DIGITAL LIBRARY
THE DIGITAL DIVIDE INDEX OF THE COLOMBIAN SUPREME AUDIT INSTITUTION (IBD-CGR): CONCEPTUAL FOUNDATIONS, METHODOLOGY AND EVIDENCE OF TERRITORIAL CONVERGENCE (2019–2024)
Contraloría General de la República (COLOMBIA)
About this paper:
Appears in: INTED2026 Proceedings
Publication year: 2026
Article: 1437
ISBN: 978-84-09-82385-7
ISSN: 2340-1079
doi: 10.21125/inted.2026.1437
Conference name: 20th International Technology, Education and Development Conference
Dates: 2-4 March, 2026
Location: Valencia, Spain
Abstract:
The digital divide remains one of the most persistent structural barriers to equitable human development in Latin America. In Colombia, despite significant progress in ICT coverage, inequalities in access, affordability, skills, and meaningful use continue to reproduce long-standing socioeconomic disparities. To address this challenge, the Colombian Supreme Audit Institution (Contraloría General de la República) developed the Digital Divide Index – IBD-CGR, a multidimensional and annually replicable metric designed to quantify digital exclusion at territorial and socioeconomic levels.

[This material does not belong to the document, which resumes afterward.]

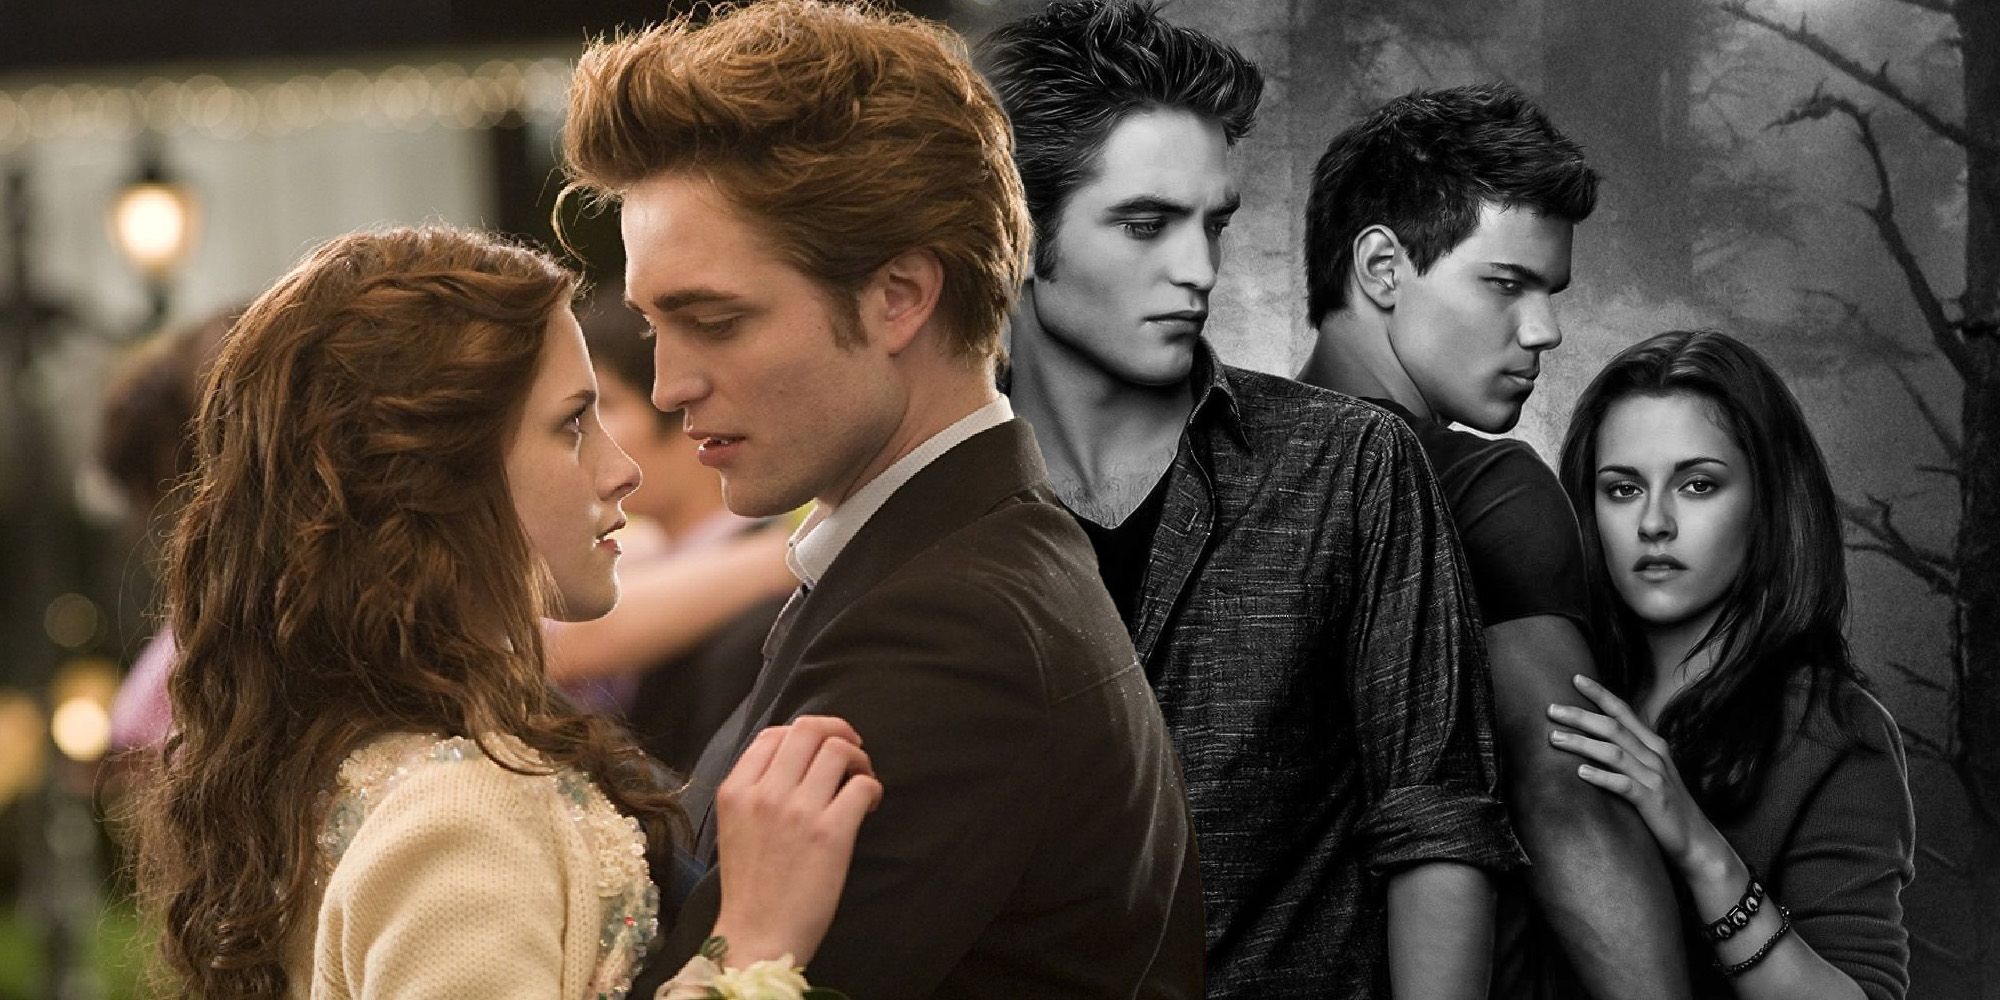 Robert Pattinson Taylor Lautner Kristen Stewart Twilight New Moon

This study presents the conceptual foundations, methodological evolution, and empirical results of the IBD-CGR for the period 2019–2024. The index is built using microdata from the national Household Quality of Life Survey (ECV–DANE), integrating 17 variables grouped into four equally weighted sub-indices:
(1) infrastructure;
(2) affordability;
(3) general-use digital skills; and
(4) applied-use skills (levels I and II), including educational, civic, and productive uses of ICT. All indicators are normalized to measure deficiency rather than possession, allowing the final score (0–100) to reflect the magnitude of digital exclusion.

Results reveal a strong negative correlation between household income and digital exclusion, with the poorest households consistently exceeding 80 points on the IBD-CGR scale, while the wealthiest groups remain near 35–40 points. Although poverty indicators (monetary, extreme, multidimensional) have improved since the COVID-19 crisis, digital exclusion has remained persistently high (national IBD-CGR of 70.73 in 2024), indicating a decoupling between economic recovery and effective digital inclusion.

The study also applies beta and sigma convergence analyses to assess whether territorial gaps in digital exclusion are narrowing. Findings show statistically significant beta convergence: departments with the highest initial digital exclusion (2019) experienced the fastest relative reductions between 2020 and 2024. Complementarily, sigma convergence—measured through the declining interdepartmental standard deviation—confirms a progressive reduction in absolute disparities across regions. While convergence does not eliminate all gaps, it demonstrates that national-level interventions and targeted programmes have had stronger impacts in the most disadvantaged territories.

However, persistent high levels of exclusion among low-income and rural households highlight structural barriers that remain unaddressed. The evidence suggests that policies focusing solely on connectivity or poverty reduction are insufficient. Instead, a multidimensional approach is required, integrating infrastructure investment, affordability strategies, advanced digital-skills formation, and meaningful-connectivity frameworks aligned with global standards (ITU, WEF-Portulans).

The IBD-CGR contributes to global debates by offering a robust, transparent, and adaptable measurement tool for monitoring digital inequality. Its methodological design—combining multidimensionality, annual replicability, and territorial granularity—makes it relevant for countries seeking evidence-based strategies to promote digital justice, educational equity, and inclusive digital citizenship within the broader 2030 SDG Agenda.
Keywords:
Digital divide, ICT access, meaningful connectivity, public policy evaluation, territorial inequality, convergence analysis, digital skills, Latin America, Colombia.